The youthful Lady Windermere is not ashamed to call herself a puritan. When she discovers that her husband is visiting and paying large sums of money to a lady of doubtful reputation, she confronts him only to be told that she must receive the woman into society. She insists that she will make a scene, and why should she not? Rebecca Johnson plays Lady Windermere with a subtle sympathy that shows not a hint of priggishness. That she is a victim of male power and hypocrisy is entirely plausible, though it must be admitted that Tim Walters as Windermere does have an honest look about him. Whether or not the simultaneous declaration of love from the intense Lord Darlington (Simon Robson), whose romanticism is combined with a penetrative disgust at "the world" and the "badness" of his own gender, is to be trusted is only a little more in doubt.

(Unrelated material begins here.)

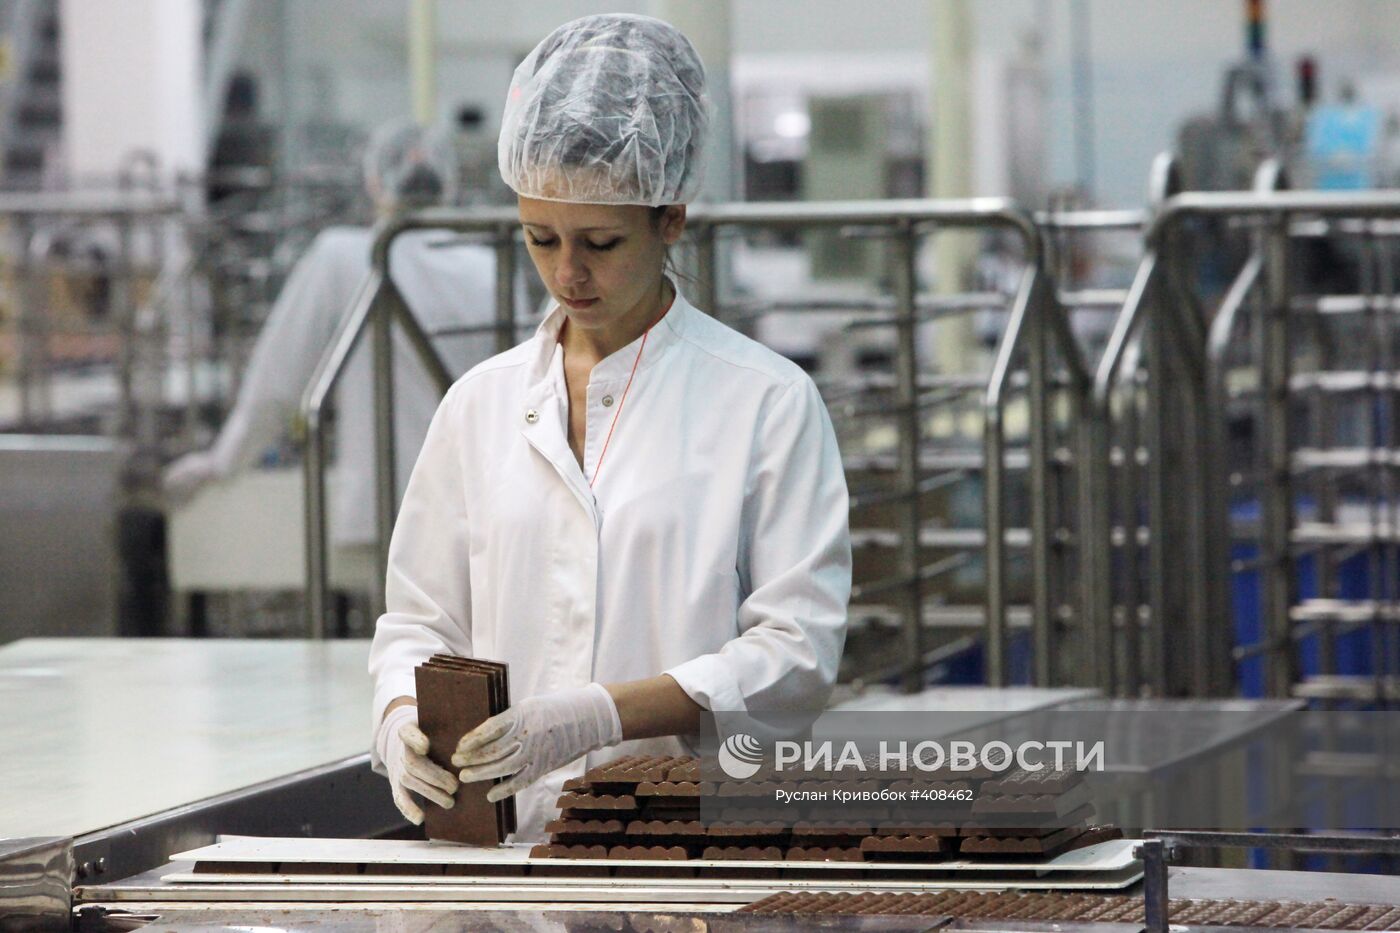 Шоколадная фабрика Kraft Foods во Владимирской области

But what to make of the lady herself, Mrs Erlynne, whose mystery may only be that of a blackmailer and her wit the practised armoury of a manipulative survivor? Morality deals in black and white. By the time we the jury troop out to our interval drinks neither shade is in sight.

Braham Murray's excellent production maintains Wilde's essential lightness without being seduced into trampolining from one epigram to the next. He does, for instance, allow generous room to Wilde's supporting caricatures. In a thoroughly well-cast production, Rosalind Knight's Duchess, dispatching her daughter to a photograph album with the aside "such a pure taste", registers new heights in condescension, and Nick Caldecott's Cecil is in a positive fever of ennui. Best of all is James Saxon's endearing Lord Augustus, his waistcoat straining over an amplitude of dissolute good nature.

Gabrielle Drake as Mrs Erlynne is in absolute verbal and physical control of these treacherous salons. As the patina cracks, however, in Act 3, and her pain shows nakedly through, she is less powerful. We see most depth in this character when the surface is most composed.

This is a hugely enjoyable show for the season. It is also one that demonstrates why it is a play for those currently so keen to straighten our laces.